### Assignment
Only one span of the material below is wanted. Output it exactly, from the line with "Projecting Sustainable Mobility" through the line with "How Constant Change", without any pictures.

### Data for processing
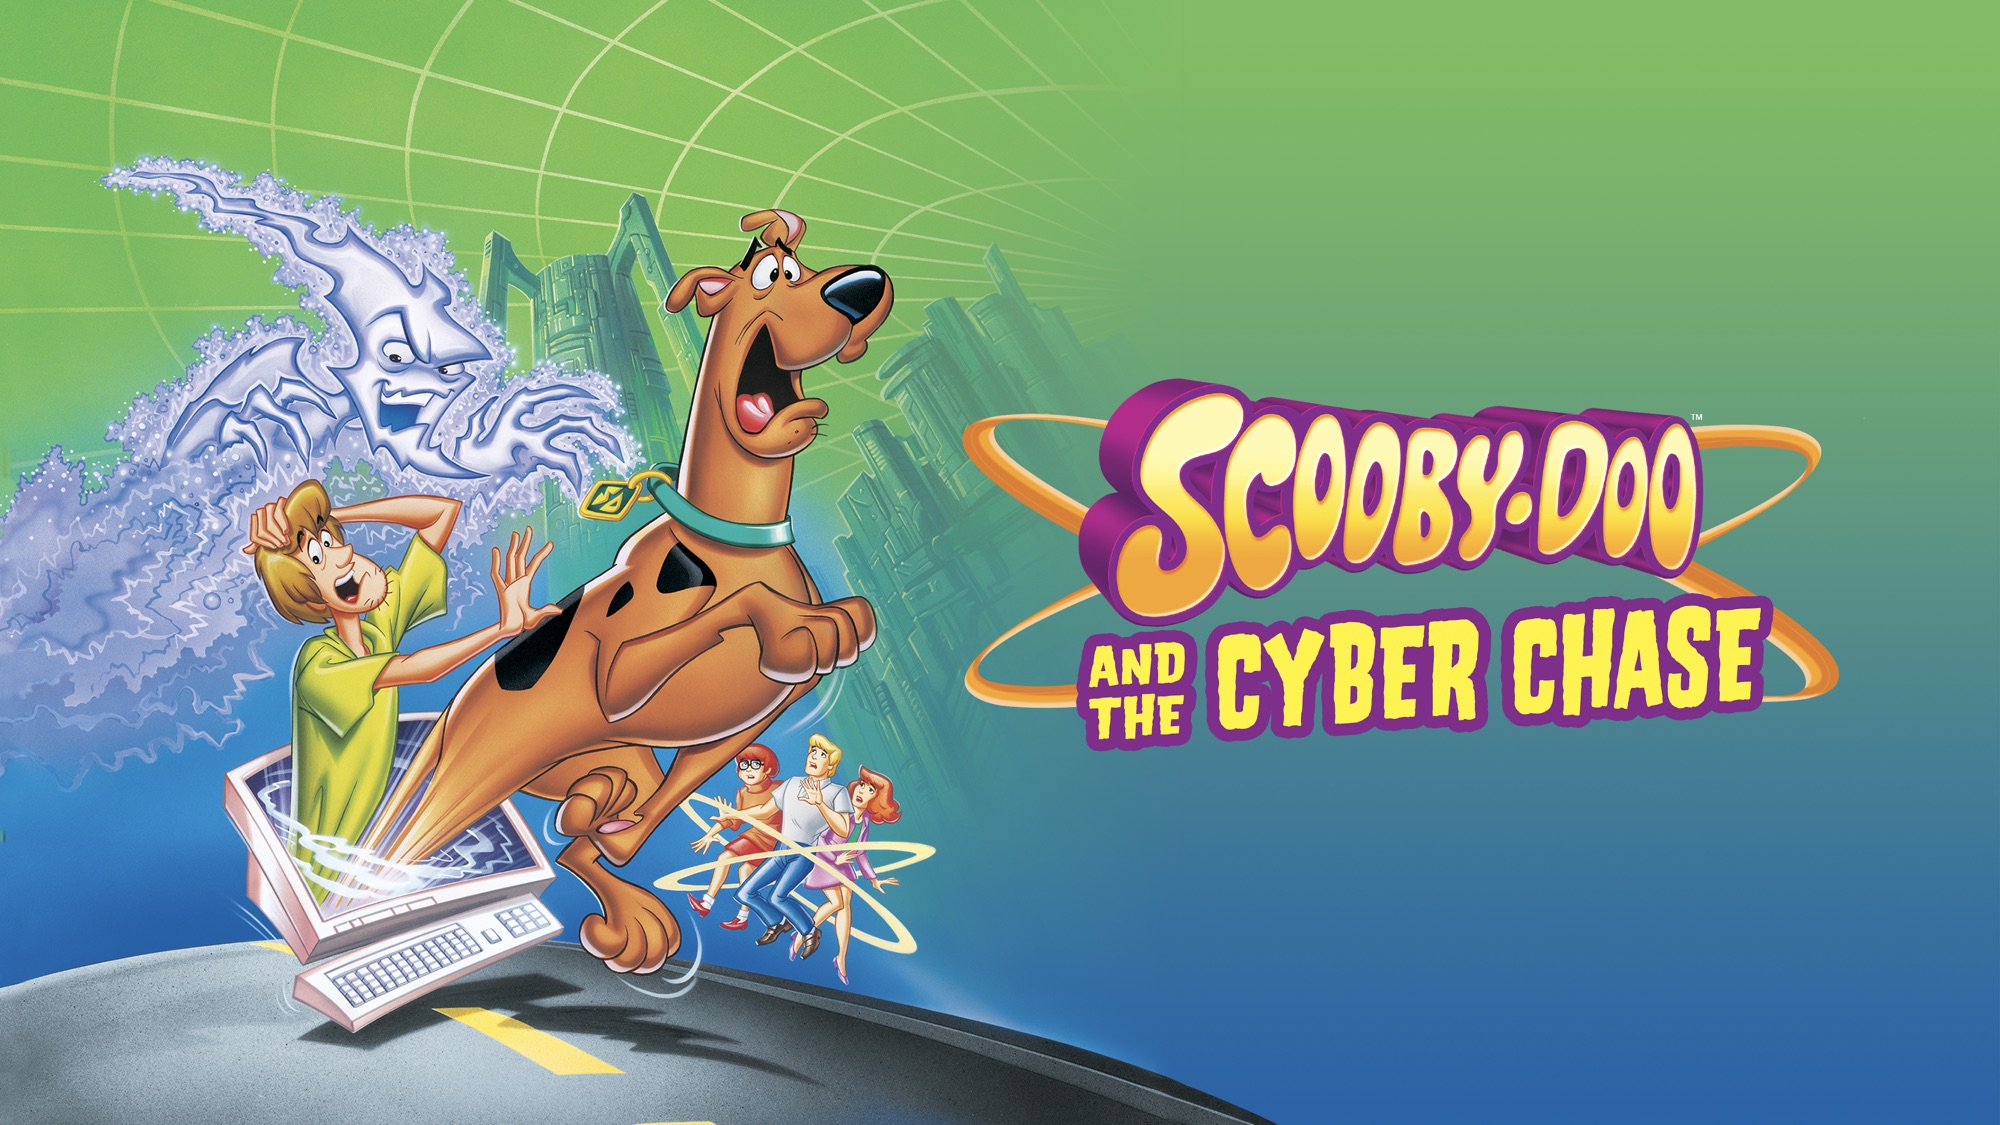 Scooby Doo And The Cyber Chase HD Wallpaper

--

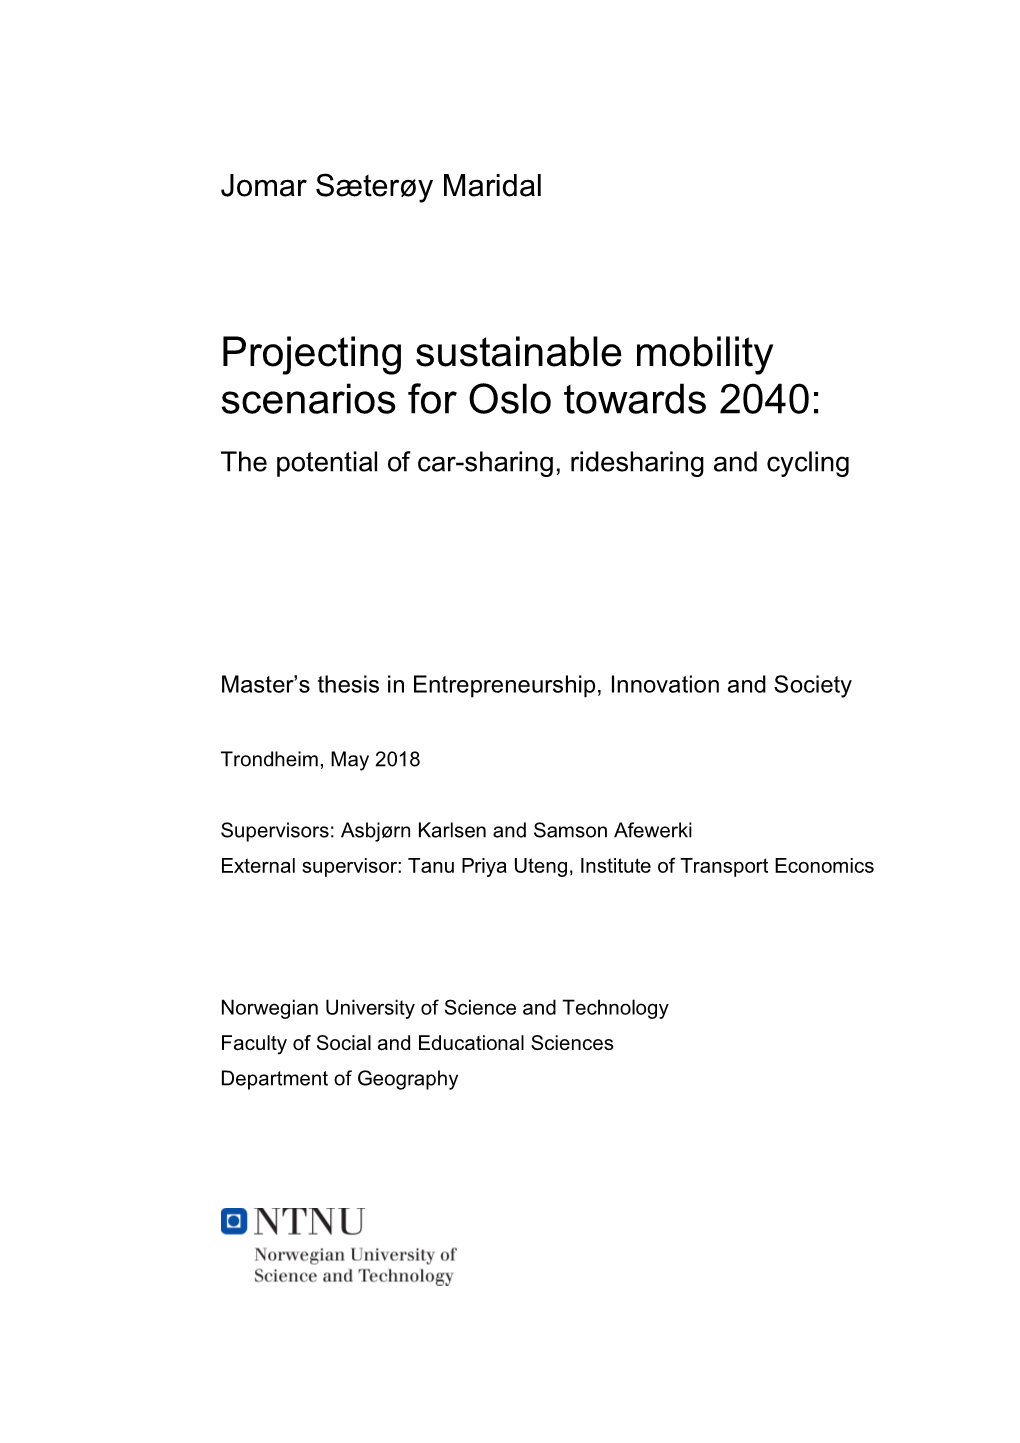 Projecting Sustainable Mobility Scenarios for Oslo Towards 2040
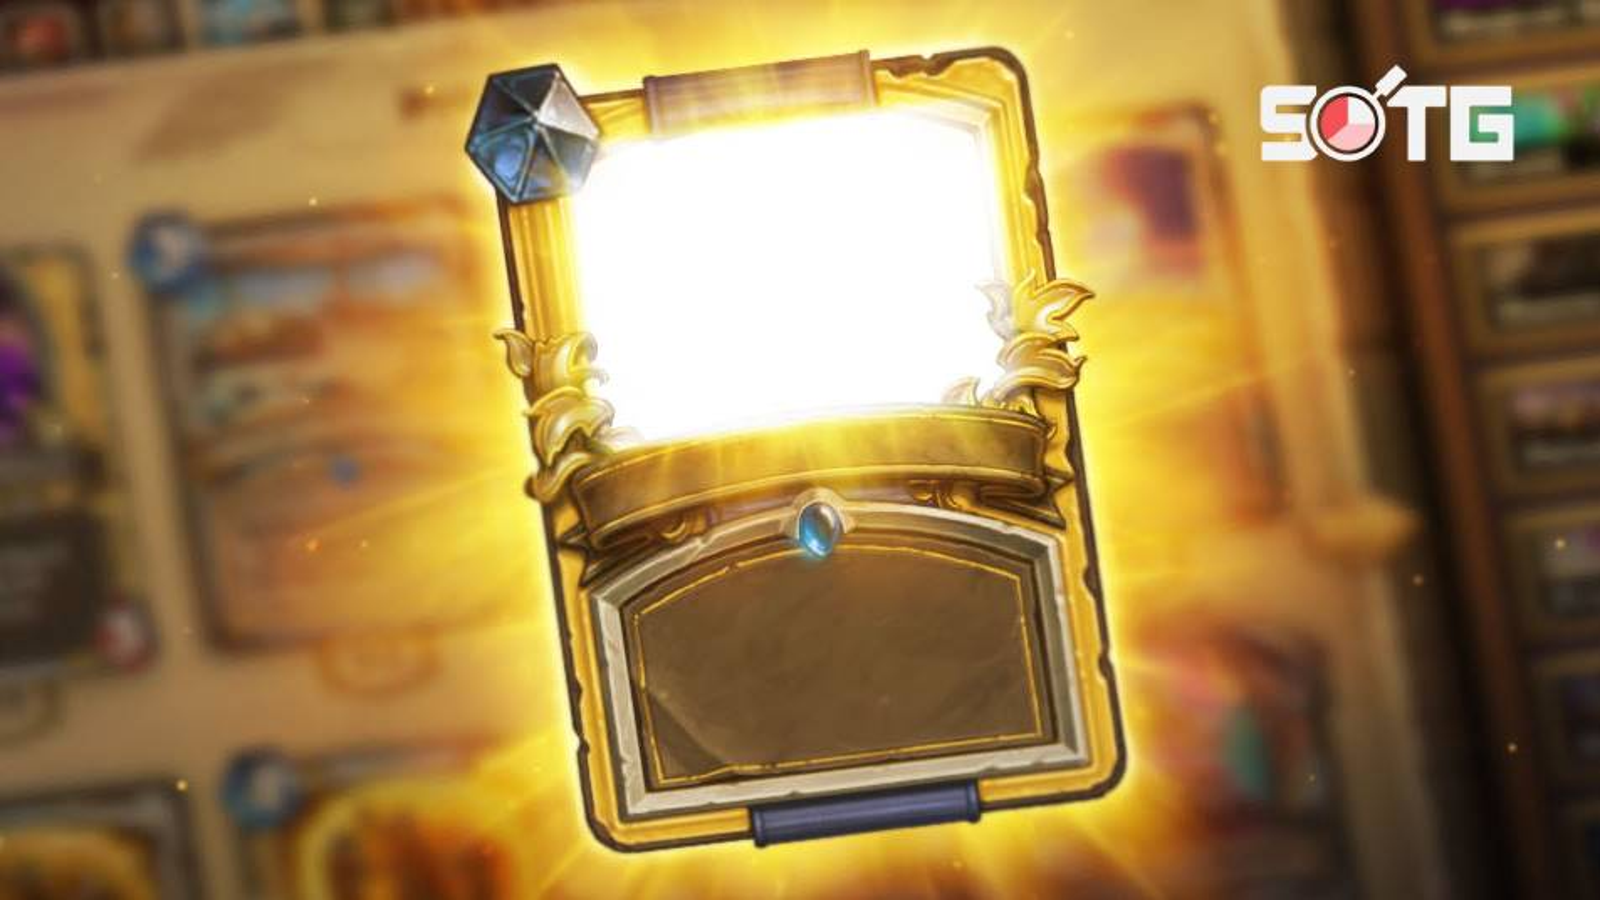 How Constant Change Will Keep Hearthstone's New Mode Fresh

### Written answer
 Projecting Sustainable Mobility Scenarios for Oslo Towards 2040
 How Constant Change Will Keep Hearthstone's New Mode Fresh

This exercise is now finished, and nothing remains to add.